В годы, когда за границу ездили лишь немногие, путевые очерки Эренбурга знакомили нас с иными странами, городами, нравами, происшествиями. Коммерческие аферы Ивара Крейгера, Томаса Бати, голливудских бизнесменов, французские парламентские бури, плебисцит в Сааре, баррикады шуцбундовцев - обо всем этом и о разном другом Эренбург рассказывал увлекательно и со знанием дела.
Хорошо знакомая эренбурговская ирония, так же как прославленные трубки, фотоаппарат "лейка" с еще невиданным у нас боковым видоискателем, беспрерывные вояжи по свету с приключениями на пограничных постах и в карантинах - все эти приезды и отъезды так прочно связывались с представлением об авторе "Хулио Хуренито", что иного, другого Эренбурга, казалось, и представить невозможно.
Потом пришла пора Народного фронта Испании, антифашизма, французской трагедии 40-го года, и снова Эренбург делается нашим комментатором в стремительно меняющемся мире, в том потрясенном мире, где все нас касалось ближе, чем раньше. Пришли дни, когда ирония стала казаться ненужной, неуместной и даже оскорбительной. Но - странное дело! - каждый раз, когда манера Эренбурга грозила превратиться в манерность, ирония - в пустой смешок, что-то случалось в большом мире истории, и Эренбург повертывался к нам новой стороной и вновь оказывался нужным и незаменимым. В сущности, он не менялся: это не было духовной трансформацией - он оставался самим собой, он именно поворачивался.
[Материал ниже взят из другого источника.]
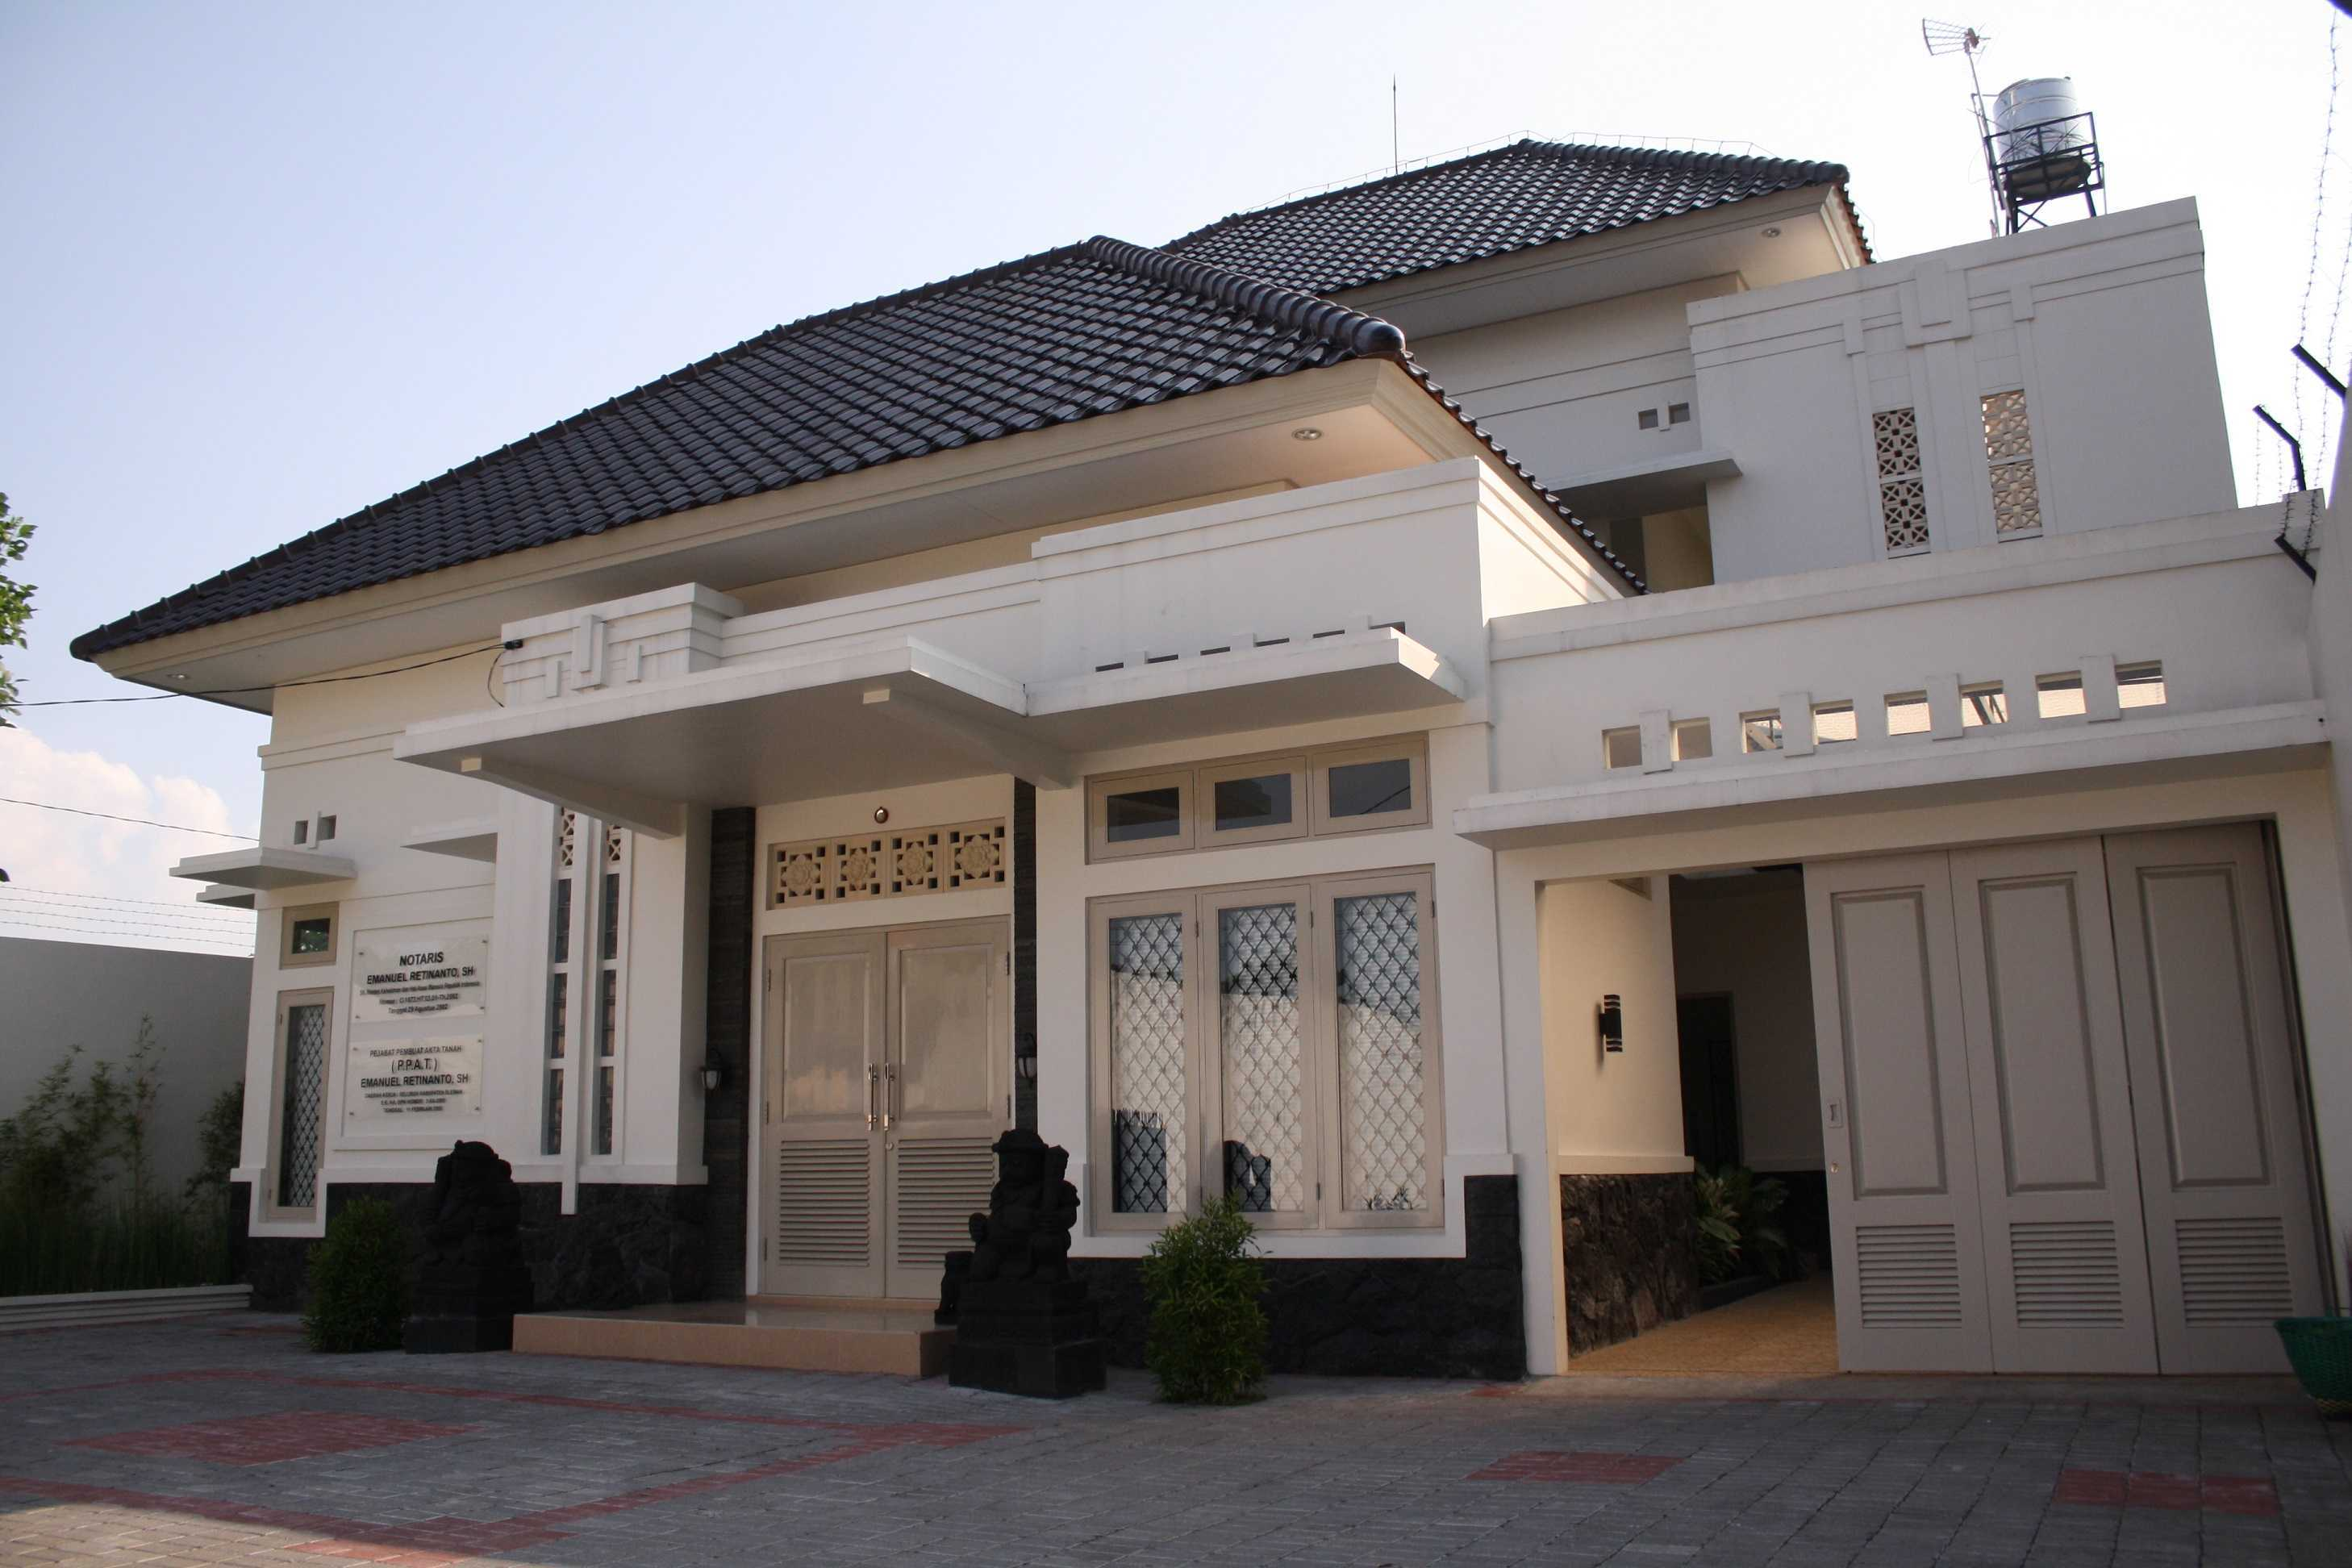 Vastu Cipta Persada Notary Office Daerah Istimewa Yogyakarta, Indonesia Daerah Istimewa Yogyakarta, Indonesia Side View Art Deco  39444

Война! Ирония не исчезала, но она сочеталась с мужеством и гневом. Романтическая сентиментальность - с глубокой человеческой жалостью. Эренбург первым ввел в обиход презрительное "фриц". И с полос "Красной звезды", самой читаемой газеты тех лет, замелькали его бесчисленные: "Фриц-блудодей", "Фриц-философ", "Суеверный фриц", "Фриц-хитрец", "Фриц в Шмоленгсе", "Ископаемый фриц", "Фриц-биолог", "Фриц-нарцисс", "Фрицы этого лета", "Сумерки фрицев" и т. п. Конечно, тут был элемент упрощения, но нужно видеть разницу между беспристрастием исторической ретроспекции и пахнущей гарью листовкой со сводкой Совинформбюро.